Scary Lessons from Argentina
I spent the Christmas holidays in two very similar nations, with two radically different histories.
Country 1 is my native Canada: a resource-rich nation of 33 million people that has grown from an exporter of the products of forest, mine and farm into one of the world's most advanced economies. Gross Domestic Product per capita in 2008, according to the World Bank: $42,031 U.S., just behind the United Kingdom, just ahead of Japan.
Country 2 is sunny Argentina: a resource-rich nation of 39 million people that started as an exporter of agricultural products. A century ago, Argentina was probably a richer country than Canada. Argentina's GDP per capita in 2008: $8,236 -- just behind Brazil, just ahead of Montenegro.

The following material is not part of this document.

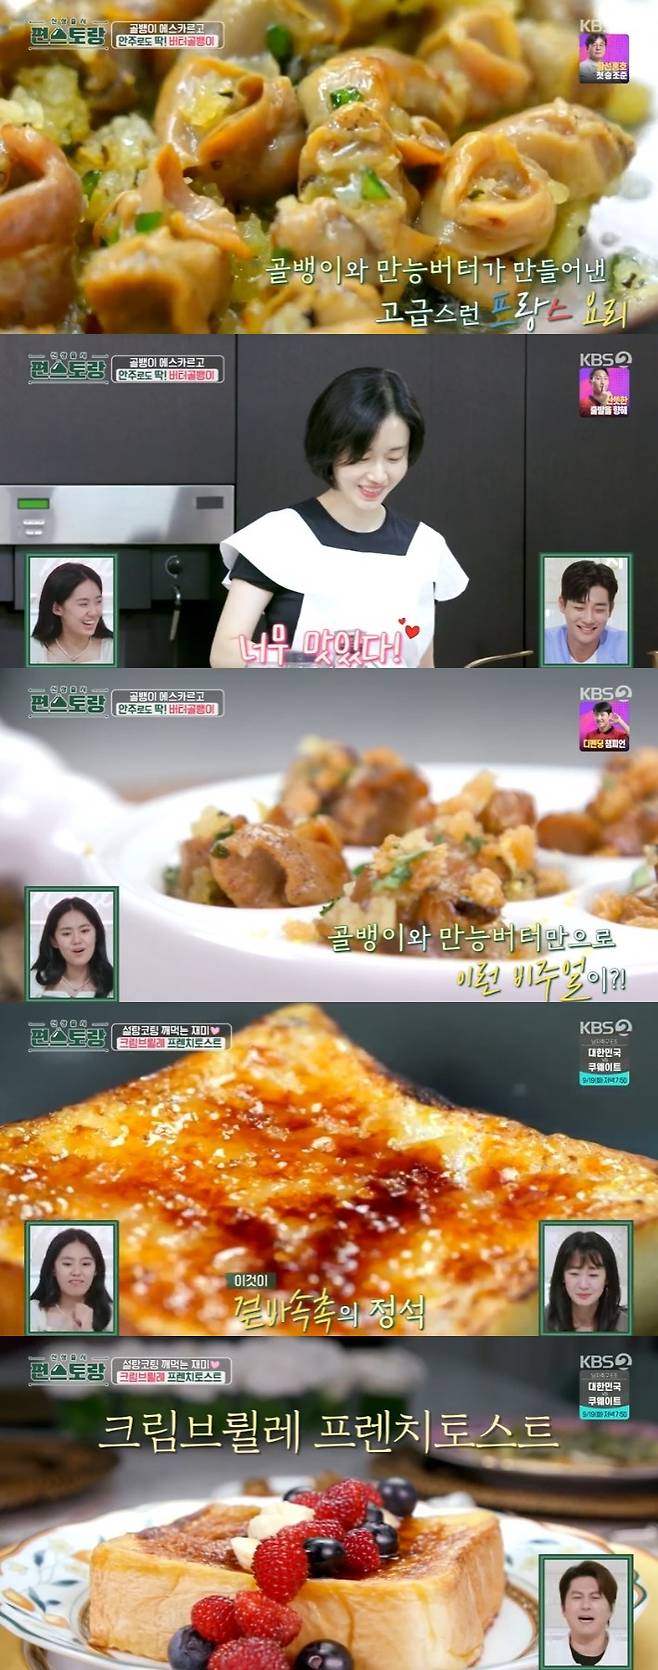 In the KBS 2TV entertainment program Stars Top Recipe at Fun-Staurant broadcasted on the 15th, Lee Jung-hyun presented a variety of dishes with Lee Yongs quick ingredients.Lee Jung-hyun then sliced the pan loaf into thick slices and soaked it in milk and egg water to make a crime brulee french toast, then baked both sides of the pan loaf and sprinkled brown sugar on it.He melted the brown sugar sprinkled on the pan loaf by Lee Yong and made it crispy on the outside. He then finished the topping with bananas, raspberries, and blueberries on top of the baked pan loaf.

The Argentine experience is one of tragic falling away from a once glorious promise. It's a story often told, even the subject of a musical, and I'm not proposing to retell it. Instead, in this season of intense debate over the future of American capitalism, let me just draw two morals, one for the political left, one for the political right.
For the left:
Here's a story I heard last week from a onetime foreign investor in Argentina. The thing that drove him out of the country was a 5 percent tax on his company. Five percent may not sound like much, but what mattered was not the amount of the tax. It was the way it was imposed. The tax was not enacted by Congress. It was not even ordered by the president.
One fine day, one of his operations received a letter from a government ministry with a sudden demand for payment. As far as he could tell, the demand was ungrounded in any law. He litigated the matter and (eventually) prevailed. But a country where the government could remake the rules at any time was no country for him.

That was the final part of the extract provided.